Dexter Bullard has been training actors for over twenty years, and
at The Theatre School since 2001. He trained as an actor at Northwestern
University under David Downs who studied under the celebrated Alvina Krause. After becoming extremely interested in experimental, original-creation, and
international theater, Dexter moved to theatre directing and producing his own
work. During this period he worked at The Next Theatre in Evanston, received
his MFA in Performance from the School of the Art Institute of Chicago, studied
yoga and tai chi, and developed his own works in collaboration with actors.
At Next, Dexter moved from Intern to Associate Artistic Director and launched a
second-stage program called The Next Lab. At the Lab from 1990 until 1994,
Dexter produced and directed plays, adaptations, and original creations
including his production of Bouncers which swept five Jeff Citations and
ran for eleven months. Also at The Lab, he first worked with the 16
year-old actor Michael Shannon and the 24 year-old actor/playwright Tracy Letts producing
the first production of Tracy’s first play Killer Joe.

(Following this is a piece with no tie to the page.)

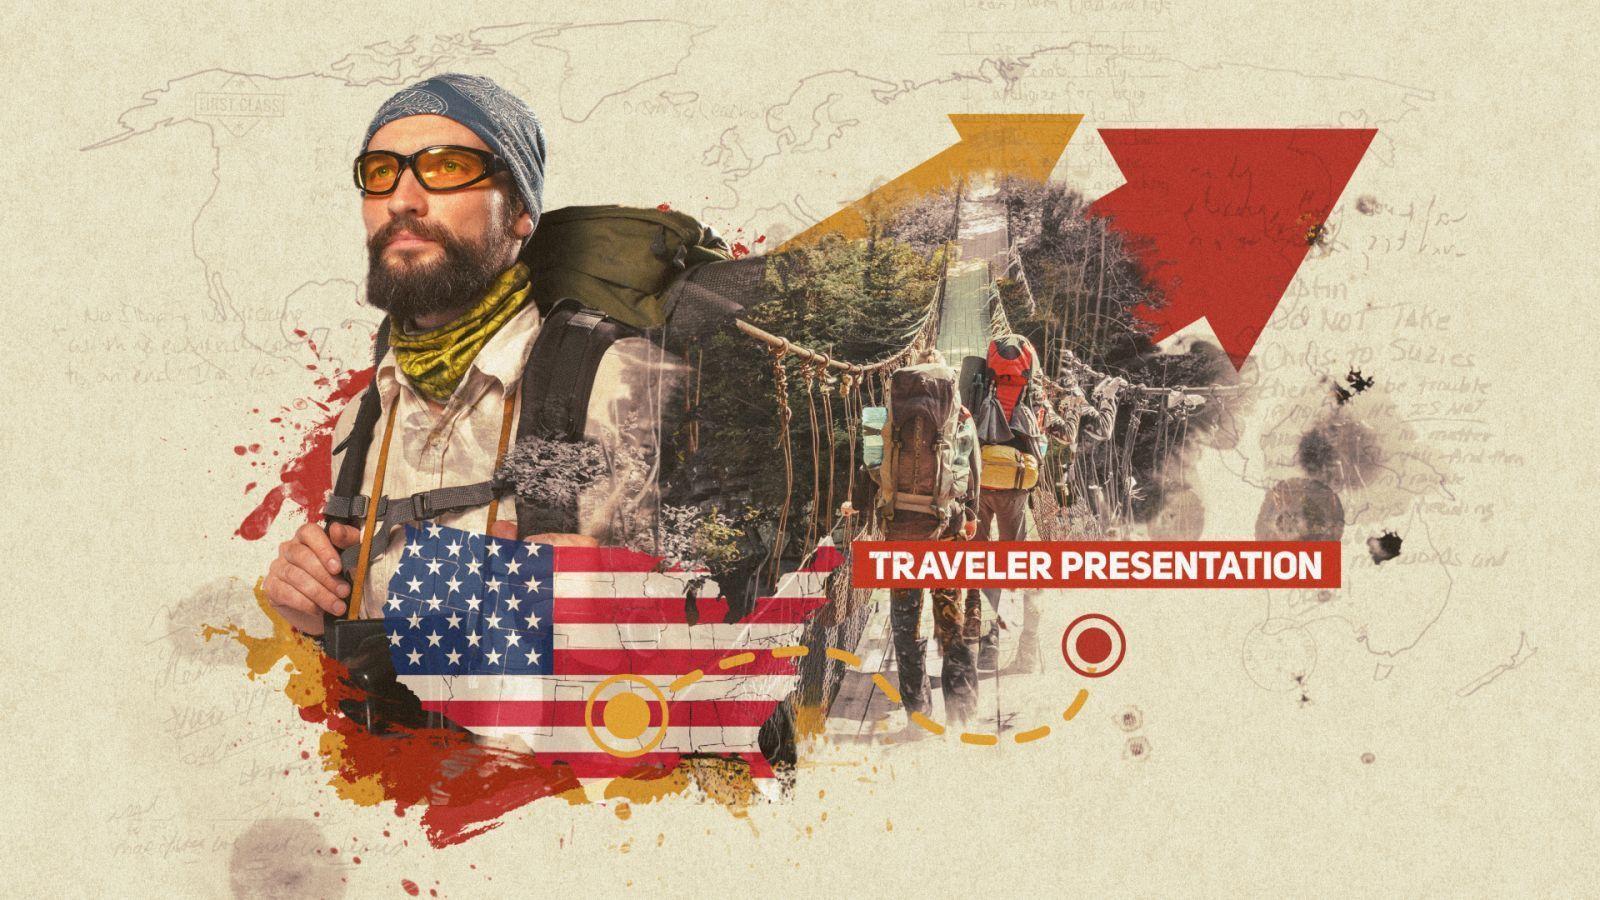 Traveler Presentation

In 1995, Dexter founded a physical theater company called Plasticene, whose
ensemble began creating non-scripted, non-verbal, high-impact, visual/sonic,
object-based theatre pieces. The company was inspired by the work of Etienne
Decroux, Jacques Copeau, Eugenio Barba, Theatre Repere, Carbone 14, Goat
Island, Tadeusz Kantor, Pina Bausch, as well as industrial and post-punk
subcultures. To further his creative tools for developing the work, Dexter
studied mime at L’Ecole du Mime Corporal de Montréal, contact improvisation
with Steve Paxton and Nancy Stark Smith, authentic movement, and butoh dance.
Over seventeen years with Plasticene, Dexter directed and created seventeen
original works produced thirty-two times and seen in Chicago, New York, and
Edinburgh.
In 1996, Dexter was recommended to direct for The Second City—Chicago’s renown
improvisational comedy mecca. Learning Spolin-based games and improvisation as
well as “new format” sketch-writing as developed by the likes of Del Close,
Adam McKay, and Mick Napier was a revelation to his directing work and work
with Plasticene. Dexter directed two original Second City revues — one for
Detroit and one for ETC.
After Next Theatre, Dexter continued an award-winning directing career focusing
on new plays and second productions spanning Chicago, New York, and, in 2019,
Los Angeles. Recently he directed Tracy Letts’ Linda Vista and Annie
Baker’s The Flick at Steppenwolf as well as Yaël Farber’s Mies Julie, Roy Williams’ Sucker Punch, and Annie Baker’s Circle Mirror
Transformation all at Victory Gardens Theatre. He directed Craig Wright’s Grace on Broadway starring Paul Rudd, Michael Shannon, Kate Arrington, and Ed Asner. Off-Broadway, he directed Tracy Letts’ Bug for which he won the
Lucille Lortel Award, a Drama Desk Nomination, and two Obie awards, as
well as Craig Wright’s plays Mistakes Were Made and Lady. Other
credits include directing the world premieres of Dan LeFranc’s The Big Meal at American Theater Company, Brett Neveu’s Odradek at House Theatre, and
his Gas for Less at Goodman Theatre. Dexter has directed for Chicago’s A
Red Orchid many times including In the Solitude of Cotton Fields, Bug, Place
of Angels, and ’Tis Pity She’s a Whore.
In 1995, Dexter began teaching acting by blending American-influenced
Stanislavski technique, Chicago “storefront” style, Spolin-based improvisation,
Shurtleff analysis, and physical theatre at UIC Theatre, Second City, The
Actors Studio, Columbia College, and Roosevelt University. Joining the faculty
at DePaul, he has taught in the BFA 1, BFA 2 and MFA 1 acting tracks for
seventeen years. At The Theatre School, Dexter is the Artistic Director of
productions in the Watts Theatre and has directed
ten student productions and six graduate showcases in New York, Chicago, and
Los Angeles. Recently at DePaul, he has taught actors like Joe Keery (Stranger
Things), Olga Aguilar (Westworld), Lisandra Tena (Fear the
Walking Dead), Ashton Durant (Moonlight), Celeste Cooper and Glenn
Davis (both made Steppenwolf ensemble members), as well as over a hundred
working actors, ensemble members, writers, directors, company founders, casting
directors, authors, teachers, coaches, and college professors.